Страница:
5 из 48
И действительно, то был другой, потому что темные ночи и ямщицкая память совершенно преображали человека, неизвестно откуда приехавшего и неизвестно куда ускакавшего по тракту в неведомый свет, — преображали до такой степени, что и фигура, и лицо, и голос, и самый рассказ подергивались особенным налетом ямщицкой фантазии… Так рождалось на А-ском тракту много былин, а так как их некому было записывать, то они тут же на тракту и умирали, если, впрочем, исправник Полежаев, большой любитель рассказов Силуяна, не повторял их где-нибудь в грязном номере уездной гостиницы перед скучающей уездной публикой…
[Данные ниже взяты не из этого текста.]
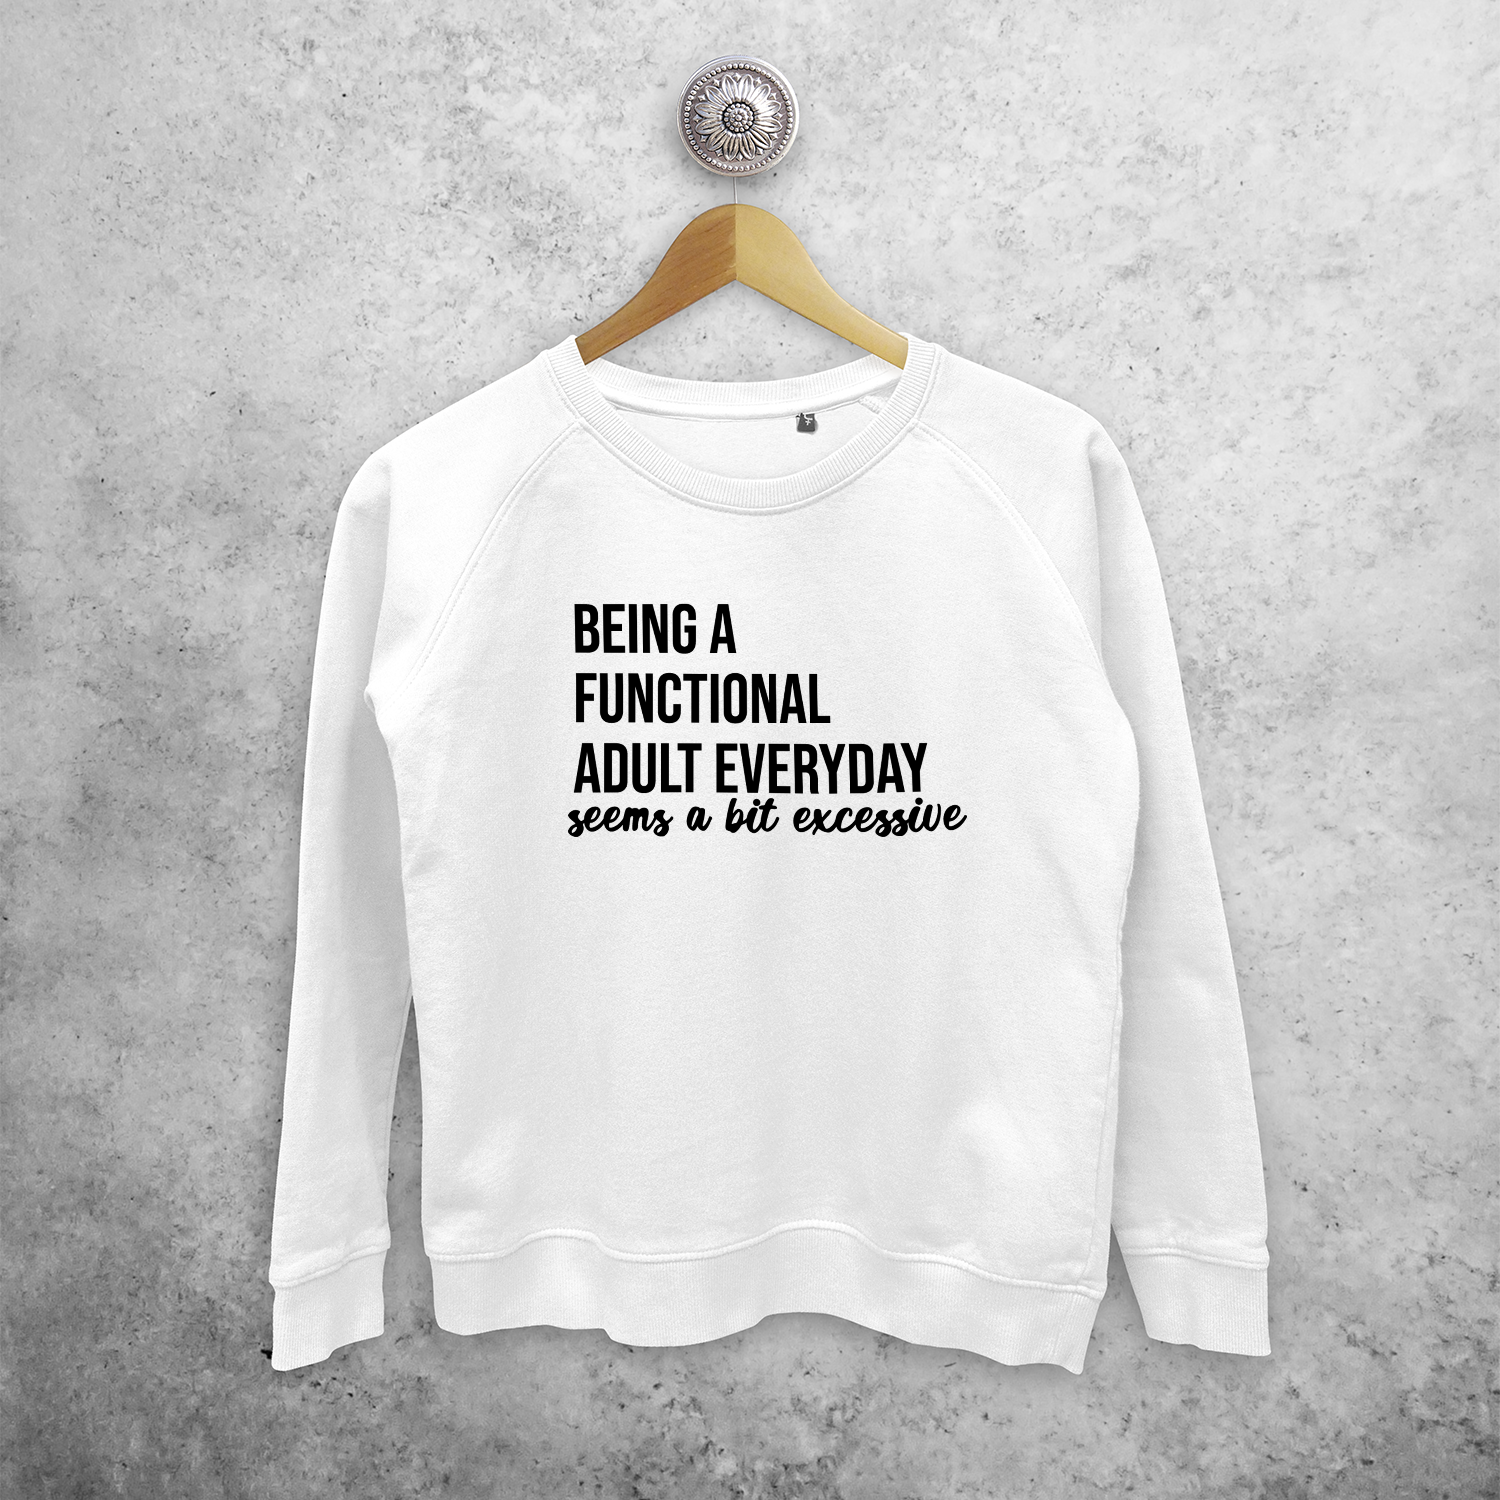 'Being a functional adult everyday seems a bit excessive' sweater

— Да ты, Силуян, смотри, не все болтай зря, — говорил иногда исправник. — Как бы иной раз и не того… и не нагорело за твои сказки…
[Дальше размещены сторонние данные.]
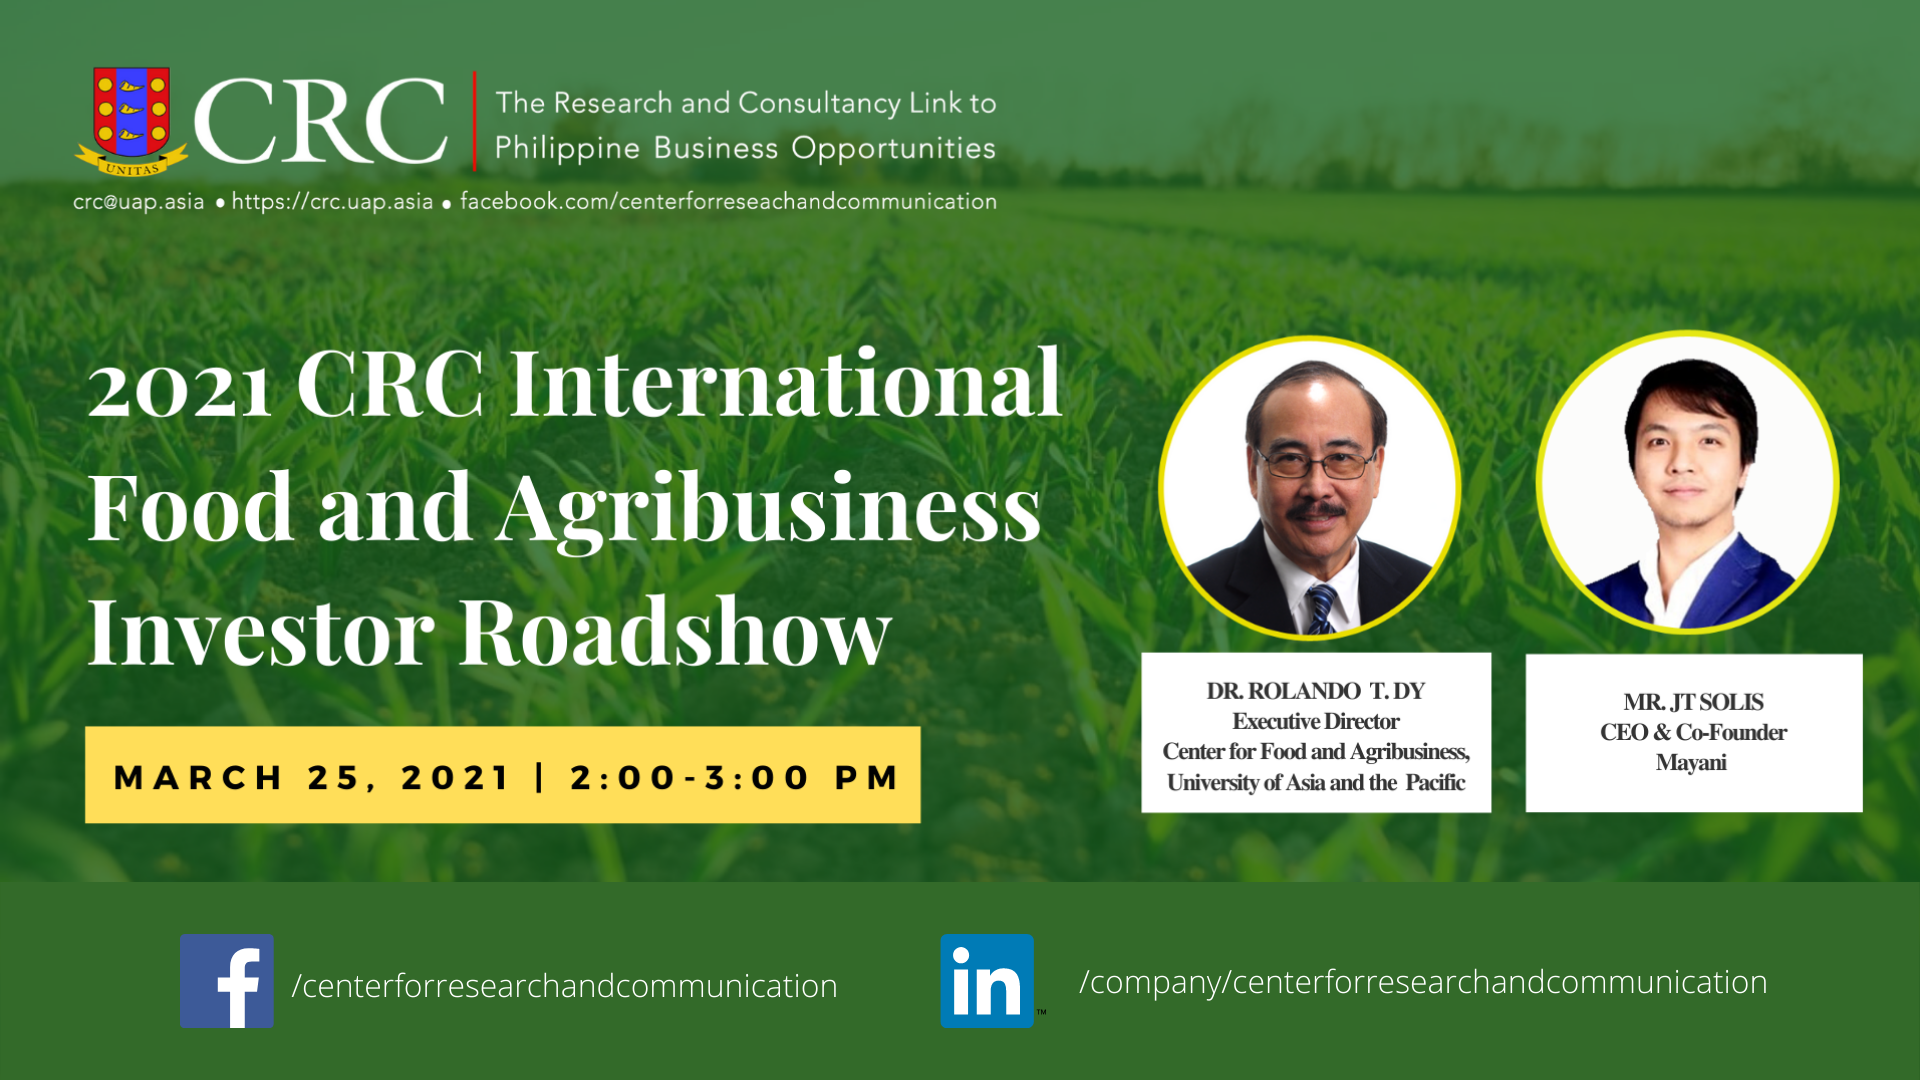 VIDEO — CRC holds its 2021 International Food and Agribusiness Investor Roadshow

— Убей меня бог, Степан Митрич, — отвечал Силуян с убеждением и совершенно искренно. — От проезжего барина слышал, от генерала. Чай, не станет врать…
Вообще много странного можно было услышать о белом свете от ямщика Силуяна, обычно знавшего, впрочем, каждый пенек на А-ском тракте.
II
Теперь он был слегка раздражен и недоволен. Изменчивые облака (овес сохнет!), жар, слепни, лукавство пристяжки, которая все норовит «обмануть» его, но самое неприятное — молчаливые, разваренные седоки… Их двое: молодая девушка и пожилой барин. Барин сидит совсем осовелый и клюет носом. Ямщик давно махнул на него рукой и все внимание обратил на девушку. Но та сначала забилась в угол тарантаса и все глядела в одном направлении упрямо и жадно, не видя ничего в отдельности и только поглощая глазами синюю даль. Потом она заснула, не переменив положения: белокурая головка беспомощно моталась на жесткой коже тарантаса, платок с головы съехал назад, волосы сбились, а на лице блуждало странное выражение, как будто и во сне она глядела на что-то вдали и старается что-то угадать.